Métodos de predicción de ADN y ARN¶
Detección gráfica de ORF¶
Vamos a localizar pautas abiertas de lectura en dos secuencias. Utilizaremos el programa plotorf.
Descargar las secuencias genomic_frataxin.fasta y mRNA_frataxin.fasta.
El programa que vamos a utilizar es plotorf.
plotorf 'sequence'
Analizar ambas secuencias, localizar las ORFs y describir las diferencias.
Construcción de mapas de restricción¶
Existen varios programas que nos indican las dianas de corte de enzimas de restricción. Nosotros vamos a utilizar remap y la secuencia mRNA_frataxin.fasta.
remap 'file'
Vamos a seleccionar todos los enzimas con sitio de corte 6pb.
Traducción de pautas de lectura¶
Ahora vamos a traducir la pauta de lectura que contiene la ORF en el mRNA de la frataxina.
transeq -frame 'x' 'sequence'
En un editor de textos vamos a eliminar las regiones no traducidas, el 5’ antes de la metionina y los aminoácidos desde el stop al 3’.Salvar el fichero una vez modificado.
¿Como sabemos cual es la metionina de inicio?. Para ello, necesitamos o datos experimentales o comparar con proteinas conocidas. Hacer un blastp con esta secuencia contra la base de datos nr de la NCBI.
Corregir si es necesario la secuencia de la proteína.
Detección de la pauta de lectura y la estructura intrón/exón en el genómico¶
En el genómico no podemos traducir directamente, primero tenemos que determinar la estructura exónica. Vamos a realizarlo de dos modos.
Mediante comparación de bases de datos¶
Un modo fácil es comparar nuestra secuencia con proteinas conocidas.
Realizar un blastx contra la refseq con la secuencia genomic_frataxin.fasta en la NCBI.
Con la información que nos proporcionan los alineamientos de los diferentes HSPs podemos reconstruir la estructura exónica.
Anotar y reconstruir sobre papel la estructura del gen.
Mediante comparación con mRNA del gen¶
Otra forma de hacerlo es alinear ESTs o mensajeros del gen con la región genómica. Existen programas especialmente diseñados para este proposito: Est2genome y Esim4.

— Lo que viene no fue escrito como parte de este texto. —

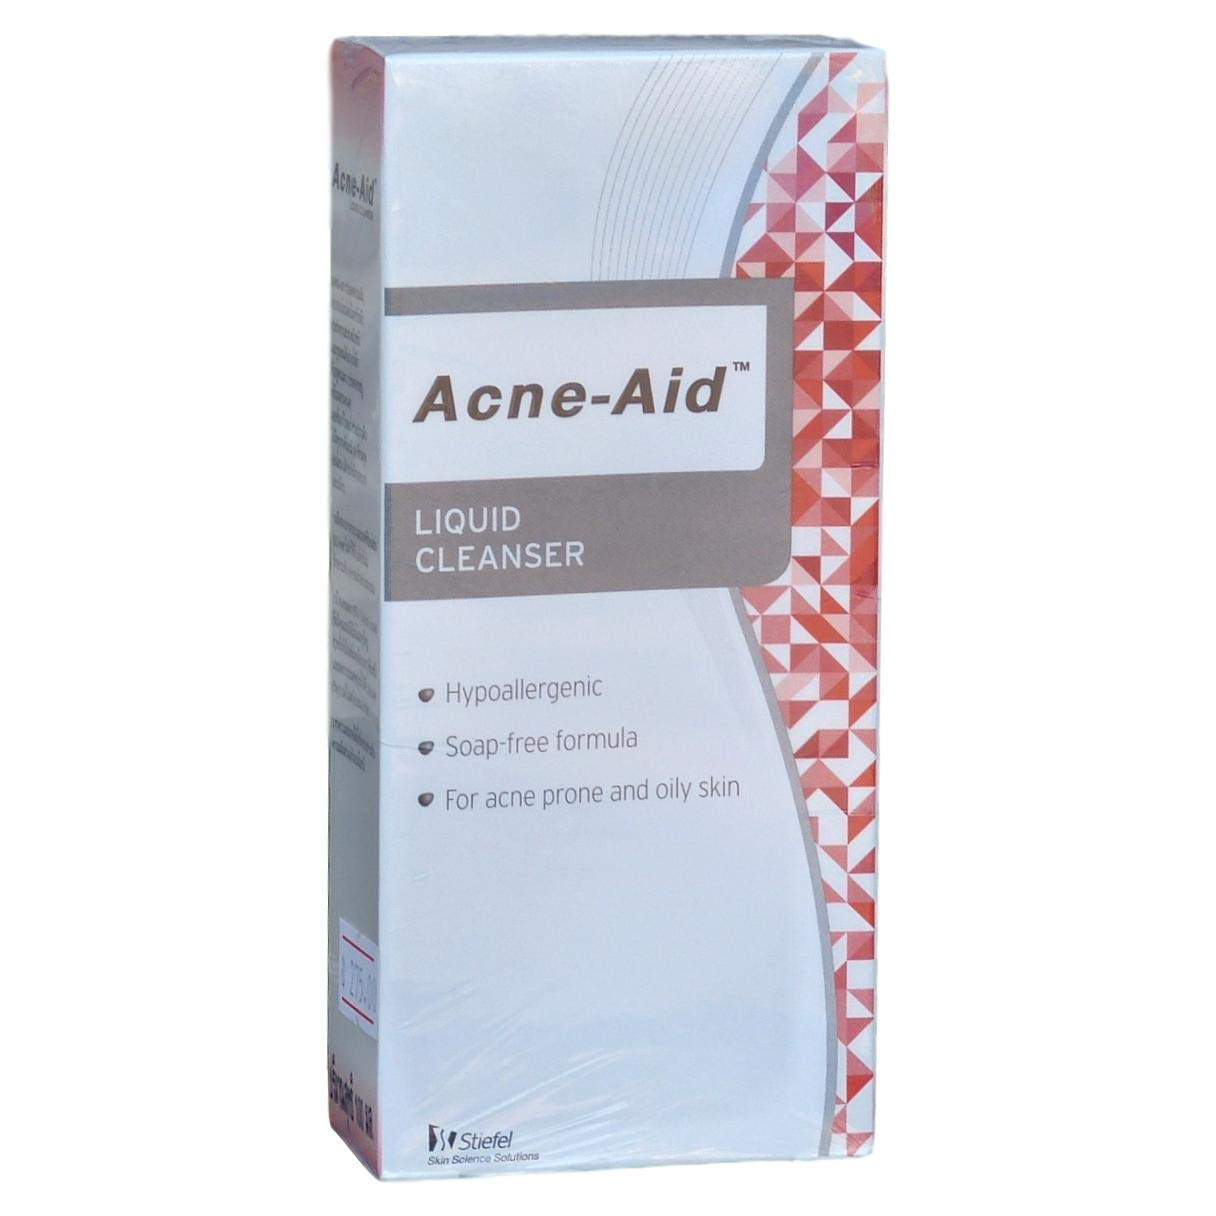 Acne-aid Liquid Cleanser for Pimples Skin : 100ml.
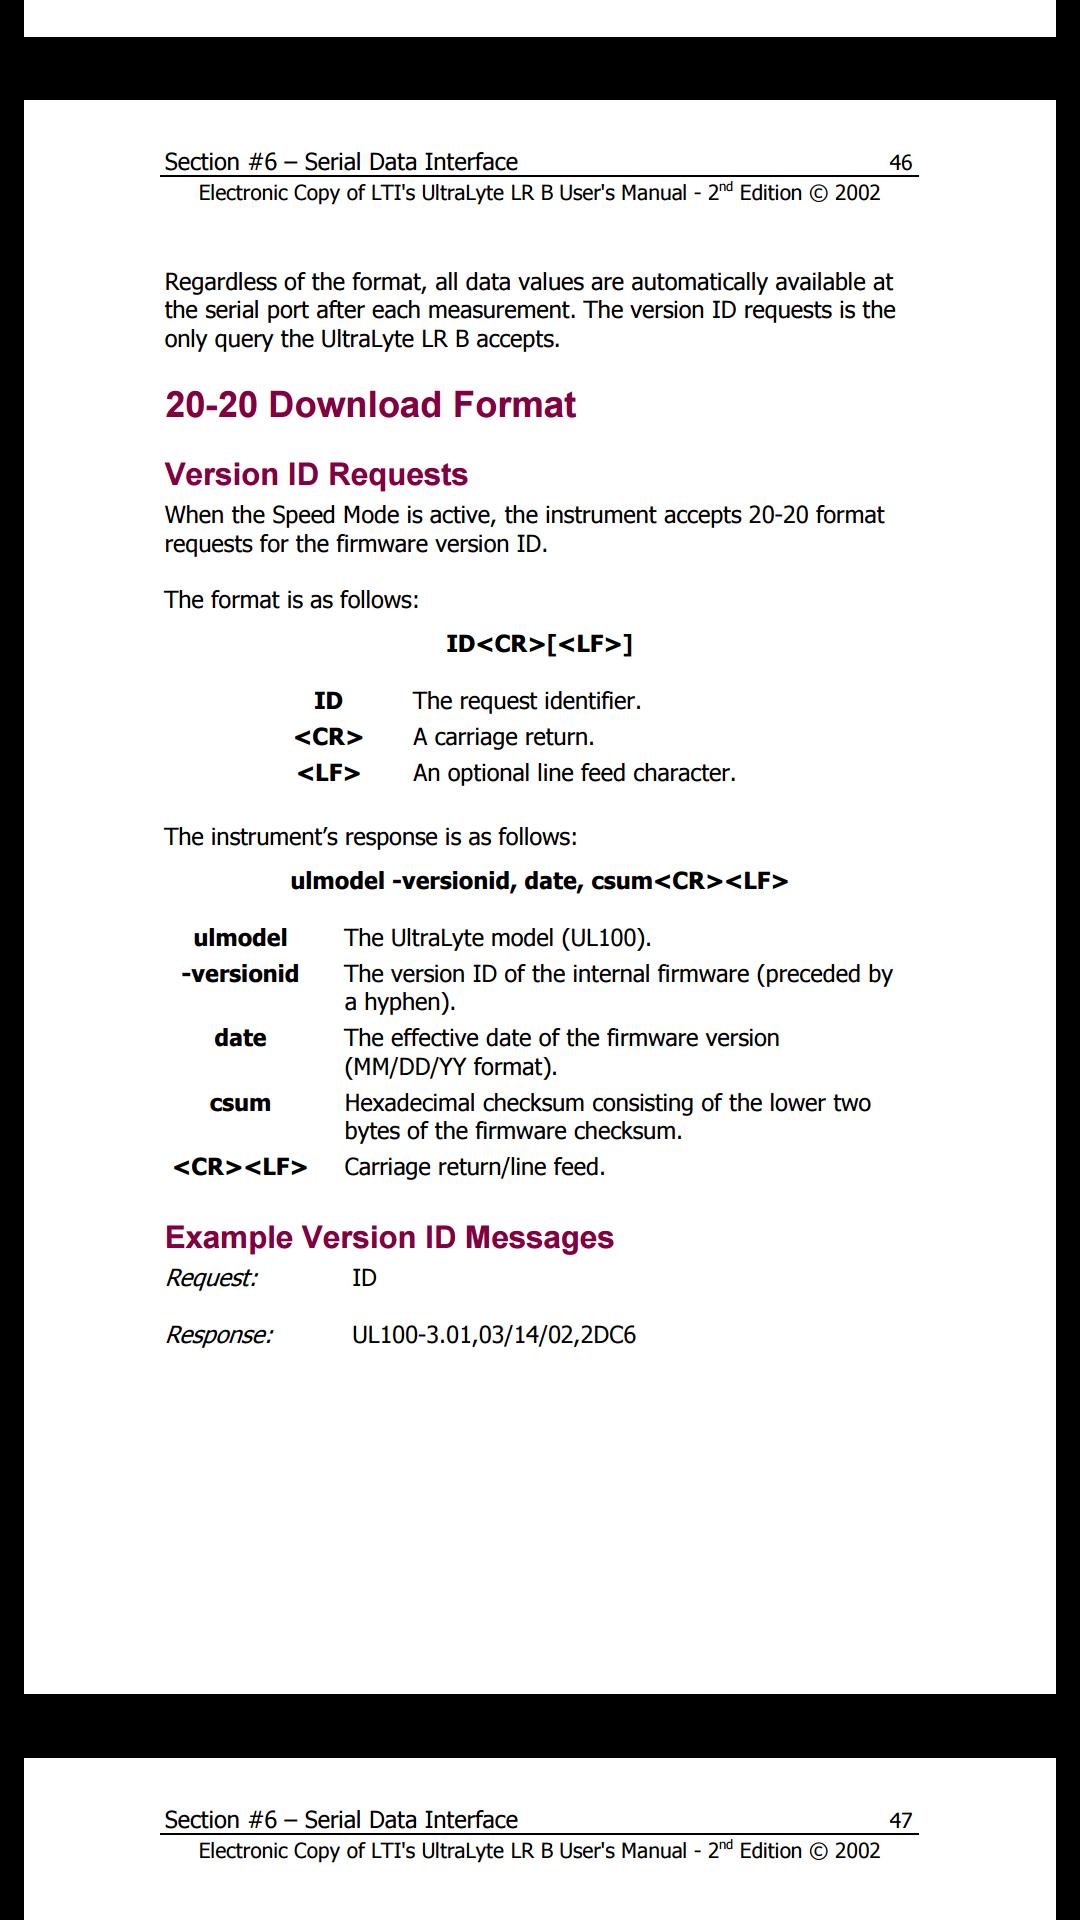 http://www.bentcop.biz/Screenshot_2017-04-11-23-21-58.png

est2genome 'mrna_seq' 'genomic_seq'
Comparar esta estructura del gen con la que habeis hecho vosotros utilizando el bastx.
¿Son equivalentes? ¿A qué se deben las diferencias?.
Predicción de estructuras génicas. GeneMark¶
Existen programas que van a combinar la información del uso del tercer codón, las pautas y los sitios aceptores y dadores del procesado para realizar predicciones de las estructuras del gen y pautas codificantes. Nosotros vamos a ver el Augustus.
Utilizaremos la secuencia genomic_frataxin.fasta.
Seleccionar las opciones: Drosophila melanogaster.
Analizar los resultados y compararlos con nuestras predicciones de proteina. Podeis hacer un blastp con la proteina predicha por Augustus y comprobar si esta bien predicha
Repetir el ejercicio con la secuencia genomic_frataxin2.fasta.
¿Son diferentes las predicciones? ¿Son diferentes las proteínas predichas?.
Para comprobar que hay de diferente en las secuencias alinear ambas secuencias (genomic_frataxin.fasta y genomic_frataxin2.fasta).
water 'file' 'file'
Comentar que ha sucedido y como lo ha solucionado el programa.
Diseño de cebadores para amplificación de exones¶
Estamos interesados en amplificar los exones del 1 y 2 del gen c-fos humano. Identifica los exones e intrones del gen y utilizando el programa Primer3 (está en el Jemboss) diseña cebadores flanqueantes a los exones 1 y 2. Intenta que ambos productos puedan ser amplificados con las mismas condiciones de PCR.